I used the online tech support chat thingy and they just wanted to send me a new 508. It cost $20.00 + $15.00 shipping so I did it. Wish I had tried the factory default thing though. Anyway, I got a replacement 508 for $35.00. Tech support didn't really ask me to try anything - that was disappointing. I did find that if I opened the unit up (with power off) and unplugged the IDE cable to the hard drive, it would work fine, just no DVR functions.


----------



## digital223 (Dec 19, 2002)

rpmiller said:


> I used the online tech support chat thingy and they just wanted to send me a new 508. It cost $20.00 + $15.00 shipping so I did it. Wish I had tried the factory default thing though. Anyway, I got a replacement 508 for $35.00. Tech support didn't really ask me to try anything - that was disappointing. I did find that if I opened the unit up (with power off) and unplugged the IDE cable to the hard drive, it would work fine, just no DVR functions.

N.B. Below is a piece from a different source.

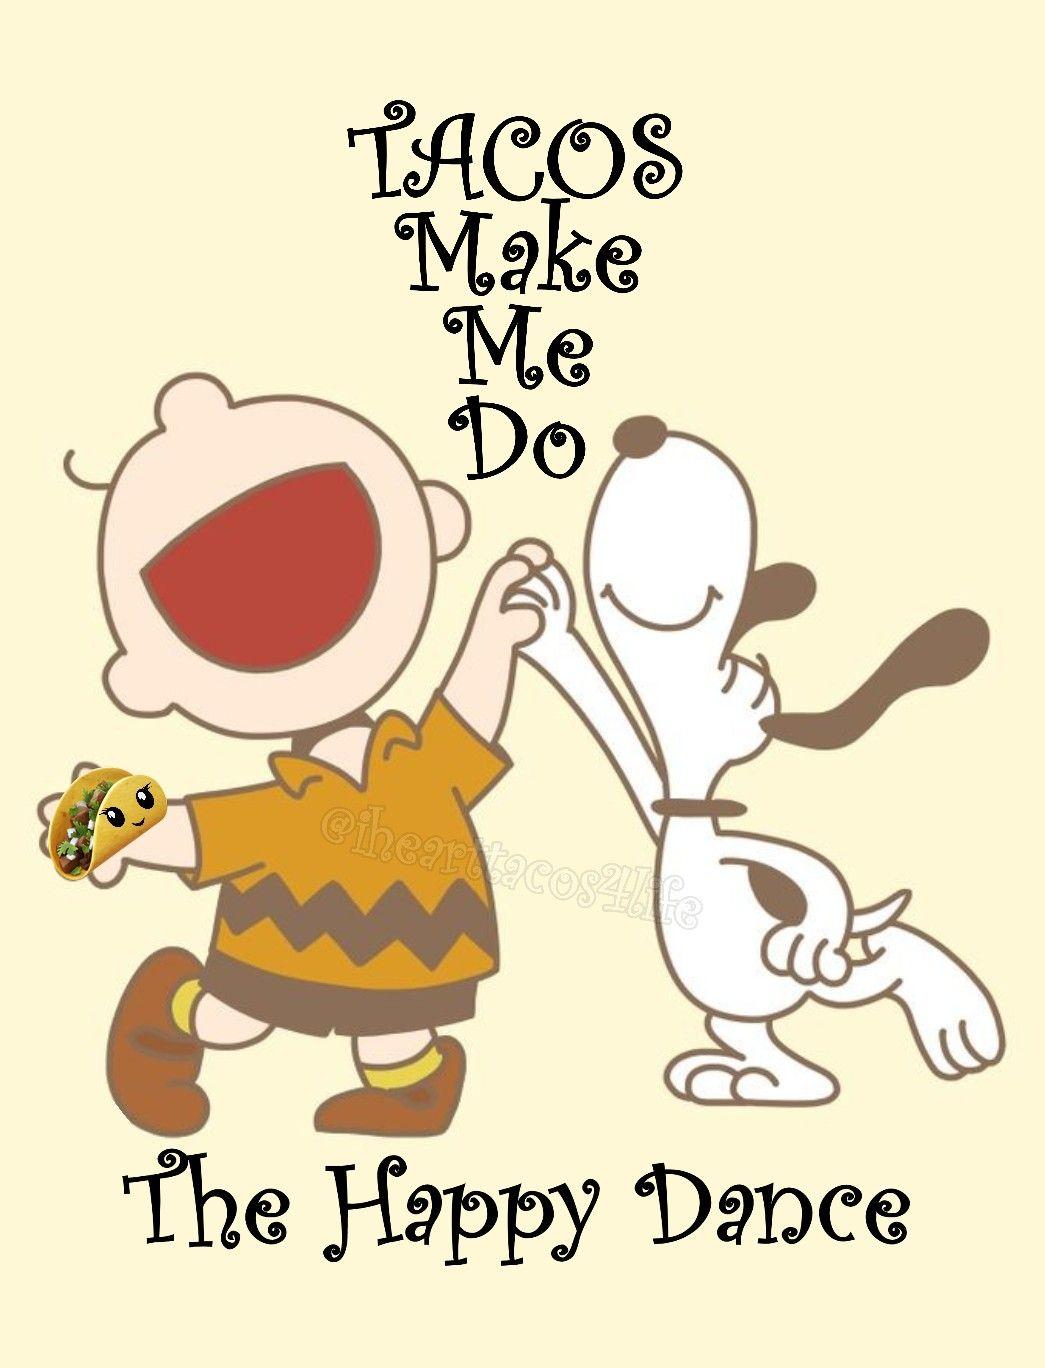 Happy Taco Tuesday Images : happy, tuesday, images, Charra-Nicky, Lehman, Funny, Memes,, Happy, Taco,, Tuesday

did the csr mention the DHPP. 
because i think in order to get a replacement receiver as you did, you must sign up for thr DHPP @ $5.99/mo. I again state *"I think" !*

on your next billing statement, check for DHPP. if it's on you billing, keep it for a month or so to make sure the replacement is a good one; then just cancel it.


----------



## KevinRS (Oct 9, 2007)

I just had the same kind of problem this morning with a 510, aquiring satt. signal - to step 4/5 then downloading program guide for a few seconds, then snow, light goes on and off a couple times and it starts over. tech support thought it was a power problem, it wasn't getting enough power, had me switch outlets a couple times. I checked powerline voltage and it was fine. they offered the 20+15 shipping deal on replacement, or get dhpp. Apparently whatever replacement reciever they are offering they are valuing at $20. I told them I'd have to call back later, and went to work. now, 20 hours later, it was working, except for dvr functions, a 30 second unplug seems to have fixed that.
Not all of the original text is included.